Android may overwhelmingly be the target for malware in the mobile space, but as usual the media have got the details wrong!
Kyubey has the Android logo’s eyes and ears!
McAfee's Threat Report for the second quarter of 2011 (PDF link) listed iOS as having no malware, and Android as having an order of magnitude more malware than any other platform. Understandably, the media have pounced on the latter… well, not as much as they would have if it were iOS, but still.
While I'm not an Android fan, the problem here isn't the OS but the OEMs that distribute it.

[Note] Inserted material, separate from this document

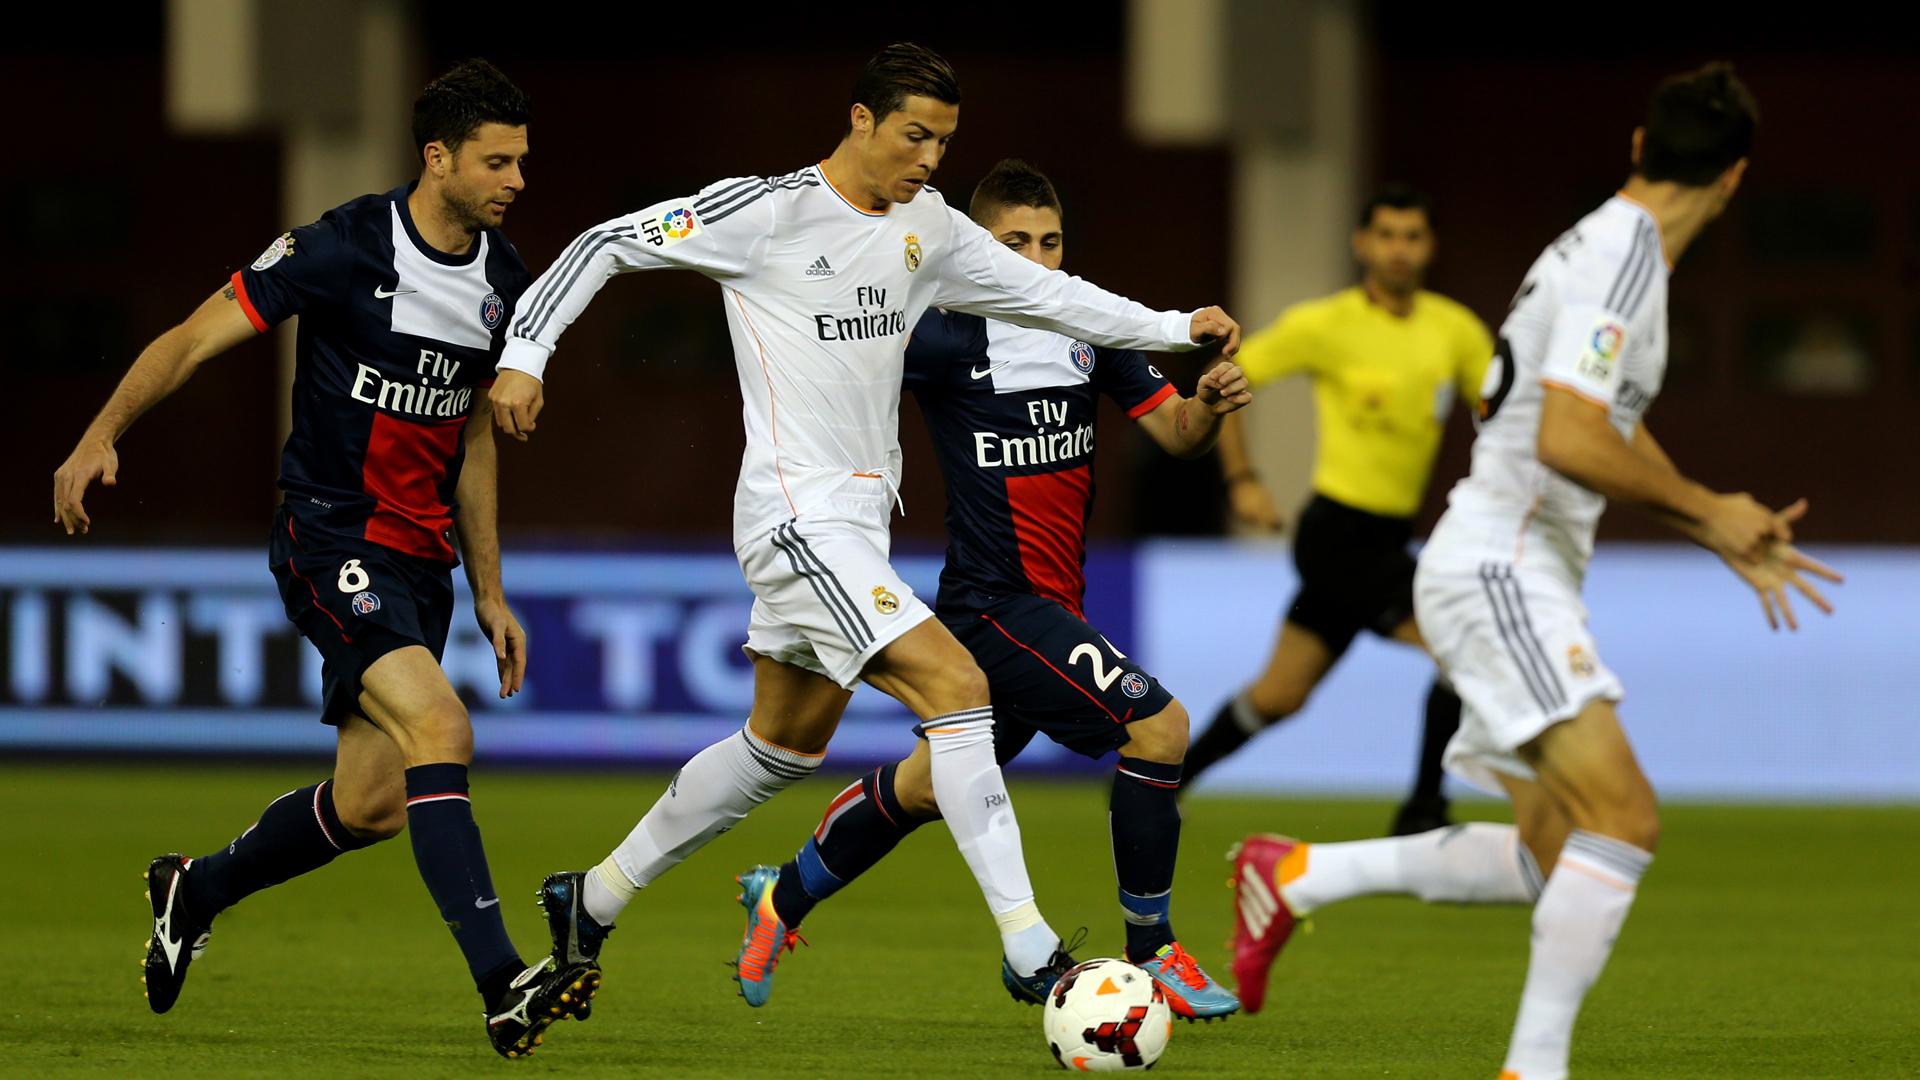 Image Result For Vivo Apoel Vs Real Madrid En Vivo Champions League

It can be an unclear distinction for most consumers who just see "phones" (which is why the whole iOS versus Android debate is silly) but it's important.
While tech savvy folk would presumably prefer an unmodified copy of Android installed on their phones (the Microsoft Signature Experience, but for Google), their third party PlaysForSure hardware manufacturers have a vested interest in differentiating their products from the competition. This may come in the form of alternative user interfaces, additional applications, and/or modified defaults and branding… all of which would need to be thoroughly tested for compatibility with any Android updates.
They say Branding, she’s a fine girl…
Unlike vertically integrated manufacturers like Apple and RIM that can push updates to all compatible devices as soon as they're made available, official Android updates have to be made available by these manufacturers, some of which are better Android citizens than others.
This middle man approach unavoidably introduces a delay, which is why a startling percentage of Android devices are still running older versions of the OS. It's not Google's fault, or the fault of consumers.
This potentially may have been one of the reasons why Google bought Motorola: by being the manufacturer they could ensure the latest software updates are always made available for their devices, and in a quick and timely fashion. They have experience with pushing regular updates with Google Chrome, this would allow them to do this on mobile hardware as well.
Given the closed direction of Android they've started with Honeycomb, it could be another reason for OEMs to worry.